Text Files for Kerning Pairs

Bhikkhu Pesala
Bhikkhu Pesala Posts: 210
edited February 2017 in Technique and Theory
I am sure this has been discussed before, but I could find nothing relevant.

Kerning is a time-consuming slog on large fonts. Automated kerning adds tons of useless pairs and classes that no one needs. (I use FontCreator 10.1). 

Surely, there are OpenSource files somewhere with lists of kerning pairs used by different languages? 

Does anyone kern lowercase-lowercase pairs? I add a few pairs for y, k- r-, and maybe ke, ko, etc., but by far the majority of pairs are for Uppercase-Uppercase, or Uppercase-lowercase pairs. I never add pairs for lowercase-Uppercase. 

Automatically generating the kerning values is not difficult. The hard part is defining the kerning classes, and the kerning pairs. 

Comments

  • Calibri has a lot of kerning pairs, but even that does not kern all permutations. It contains no pairs at all for lowercase-Uppercase.  

    My maths may be off, but I think there would be over 65 thousand pairs with just 256 glyphs. My fonts have over three hundred lowercase and uppercase glyphs, plus punctuation and figures. Then there are Small Capitals, Petite Capitals, and Superscripts. 
  • Ray Larabie
    Ray Larabie Posts: 1,425
    edited February 2017
    The first step is to eliminate a few million pairs with classes before you really start kerning.

    If you're using left/right kerning classes you can strategically include glyphs from Latin and other scripts to reduce the amount of pairs required. For example, when I kern Cyrillic and Greek, I kern some pairs that would never appear together in actual use. Since other Cyrillic or Greek letters share a common parent, the kerning ends up correct. Often the right side of Cyrillic к is the same as k. Sometimes the right side of k is the same as x. That reduces the number of pairs quite a bit since I can use x as a parent. No k kerns required.

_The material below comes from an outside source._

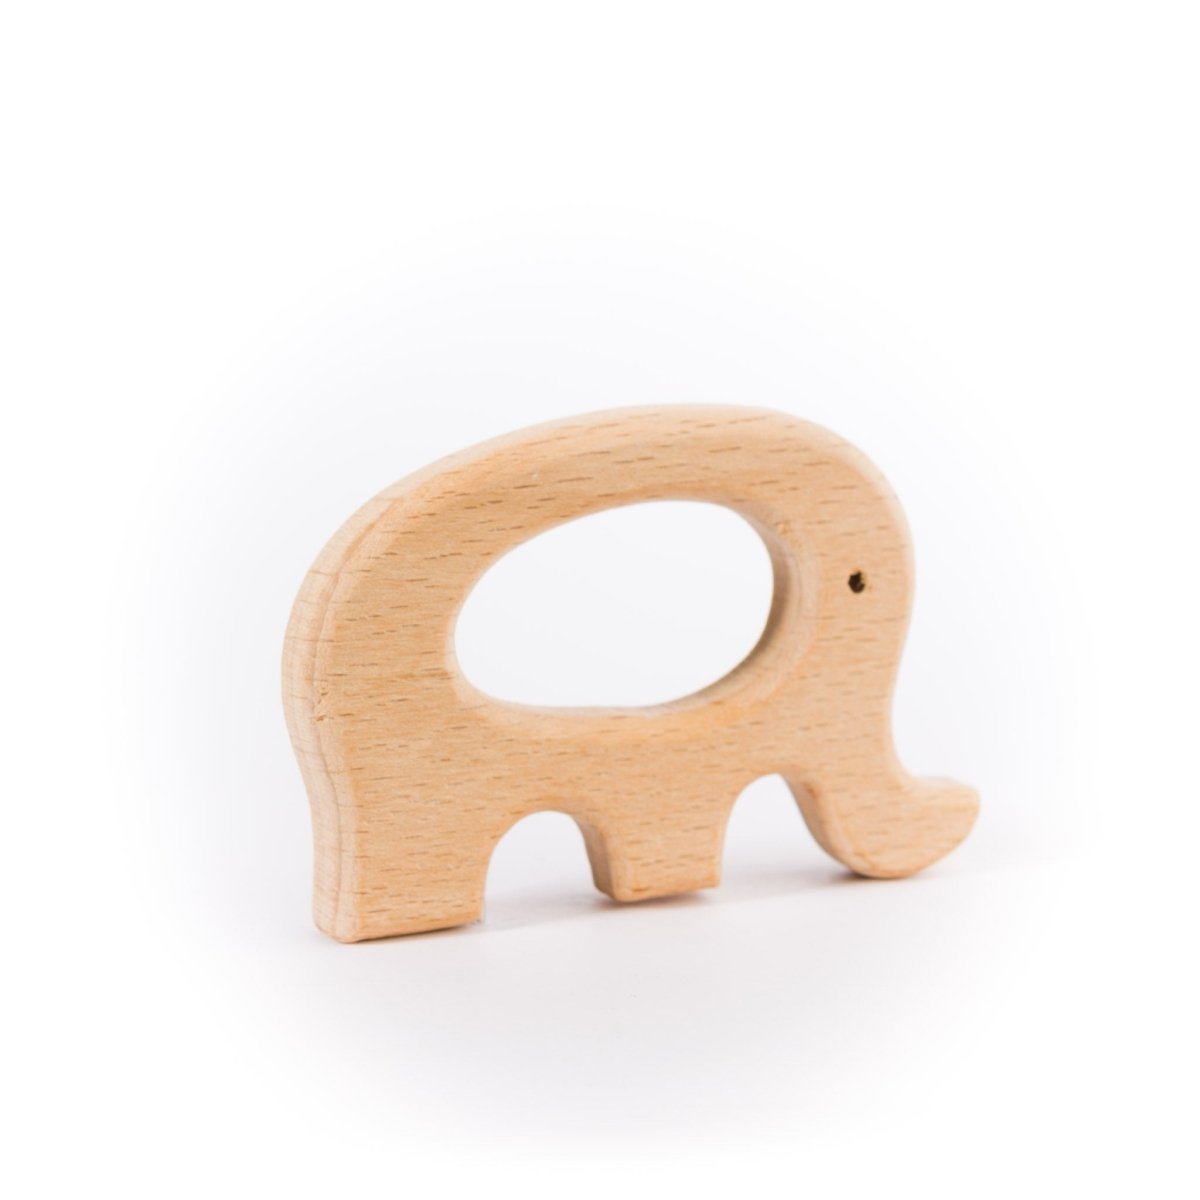 Wood Rings & Pendants Small - Beech Wood Elephant from Cara & Co Craft Supply

    I have a kerning table based on pushing my luck. It's the best case scenario where I can group similar glyphs to a parent everything works out okay; the majority of it works. Now let's say I'm kerning and I notice that sharing the right side of the x and the right side of the k isn't working out. My luck was pushed too far. I make a note of it and keep pushing forward, finishing up my usual kerning script. After I've pushed through and made more notes, I remove the problem glyphs from their respective class and create new classes. In this case, I'd remove the k and other k-like glyphs from the _xLeft class and make a _kLeft class. I have a kerning script that has all my usual kern parents and orphans, kerned with ~. I search and replace the ~ with k and make further adjustments to the k pairs.

    Once I've gone through and finalized my kerning classes and made all the adjustments, It's time to do real kerning. The first few million possibilities have been taken care of and now I can take care of the stragglers. I'm using paragraphs of sample text for various languages. I might still need to create more classes as I go but not as many. Greek is especially full of surprises because there are so many letters that can't be classed unless it's an ultramodern Greek...it's just not as modular as Cyrillic. But most of the capitals are.

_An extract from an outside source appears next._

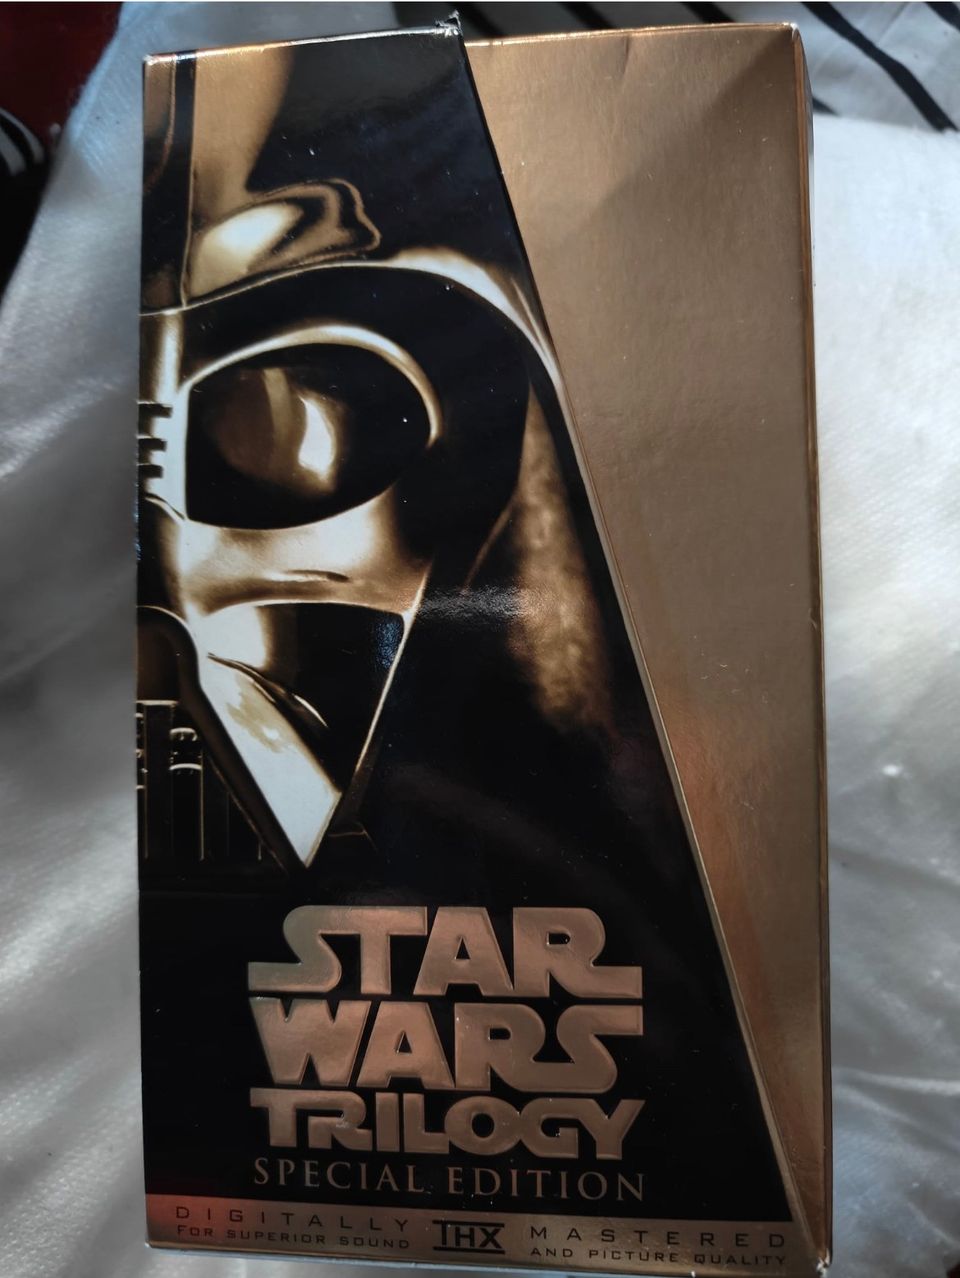 Star Wars trilogy VHS kultainen special edition

    When I started getting into more languages, I got to the point where checking for accent collisions got out of control: too many possibilities to test and too much margin for error. These days, I deal the accent collisions before I even make my first kern...using spacing. It's not as pretty but I just don't want any collisions. Vietnamese...I don't know if I can deal with every possibility. It depends on the typeface design and how high I can stack the lowercase accents...still learning.
  • I didn’t mean that every permutation needs a pair. Just that you need to kern all of the permutations that do need pairs. 
  • Bhikkhu Pesala
    Bhikkhu Pesala Posts: 210
    edited February 2017
    James Montalbano said:
    And if you think kerning is a slog, you are probably in the wrong business
    Fortunately, I do this as a hobby, so I can take my time to fix things gradually, without any bailiffs standing behind me. Still, my fonts are large because I want them to be useful to Buddhists who need to write Pāḷi words with diacritics whether their language is English, German, French, Spanish, Polish, or Vietnamese. My fonts include complete character sets for Latin-1 Supplement, Latin Extended-A, Latin Extended Additional, and some from Latin Extended-B (117 of 208). 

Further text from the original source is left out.